The tin(ii) precursor is an active site to determine the crystal framework in CsSnI3 perovskite

Abstract

Understanding the creation of the crystal framework and finding its origin in the perovskite structure is one of the most important tasks in the perovskite research field. The fundamental observation of the formation of a perovskite crystal from a liquid phase to a solid-state promotes the realization of an ideal perovskite structure. In this work, we investigated how to determine the crystal structure of cesium tin triiodide (CsSnI₃) perovskite from the precursor solution to the crystallization film.
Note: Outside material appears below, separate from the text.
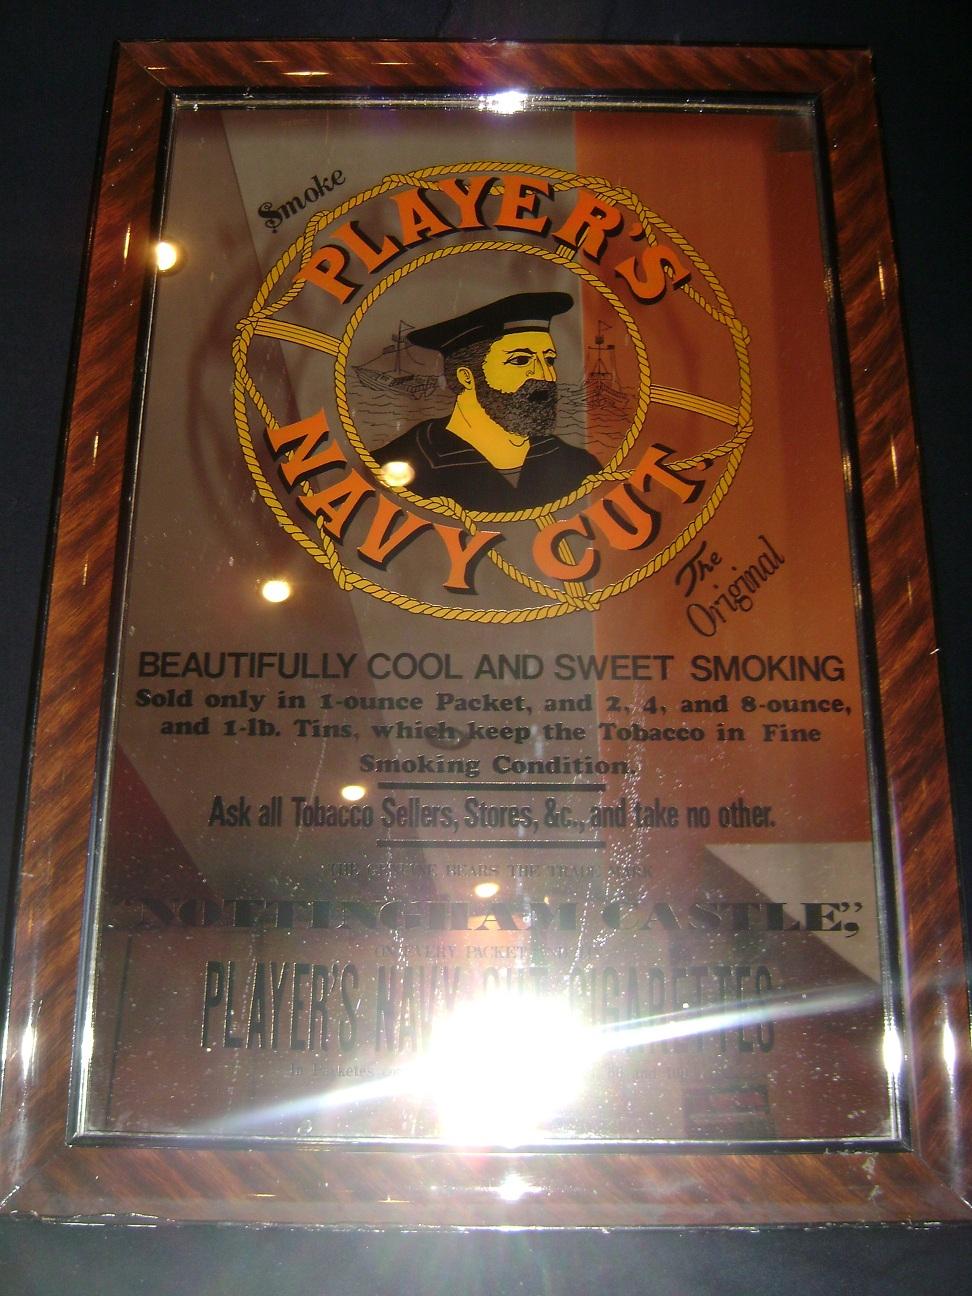 Ogledalo_reklama_Players_Navy_Cut_Tobacco_1.JPG
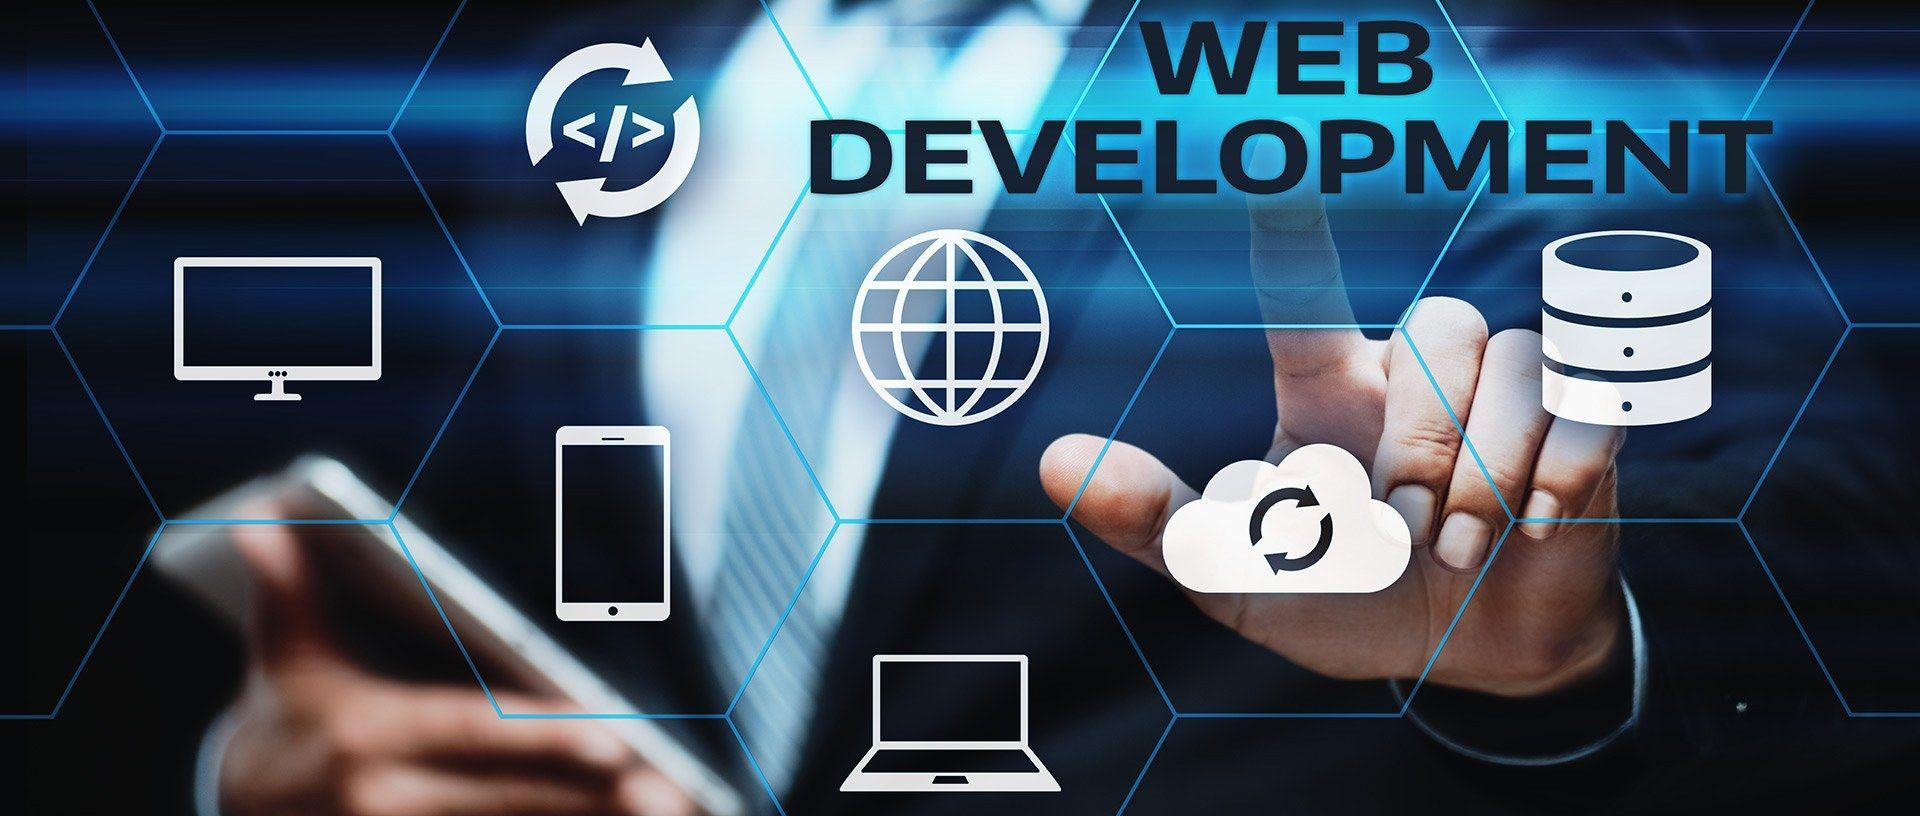 Home In 2020 Web Development App Development Companies Web Design

Based on the opto-physical spectroscopy data and chemical interaction results, we found that tin(II) cations are the main active sites to determine the crystal framework of CsSnI₃ perovskite. The Sn²⁺ precursor has strong coordination bonding with the sulfinyl group of dimethyl sulfoxide (DMSO) solvent in the liquid phase, which is kept in the solid phase and determines the CsSnI₃ crystal structure. To achieve a more grain-ordered crystal structure by the coordination interaction, we introduced a new molecule, an ammonium trifluoromethanesulfonate (ATMS) anion, with a sulfonate group. Through the strong chemical interaction between the Sn²⁺ cation and ATMS anion, the Sn²⁺ precursor-based crystal phase was controlled. This facilitated unprecedented two-step synthesis of the CsSnI₃ perovskite crystal and solar cell application, which revealed better device stability than conventional methods reported to date.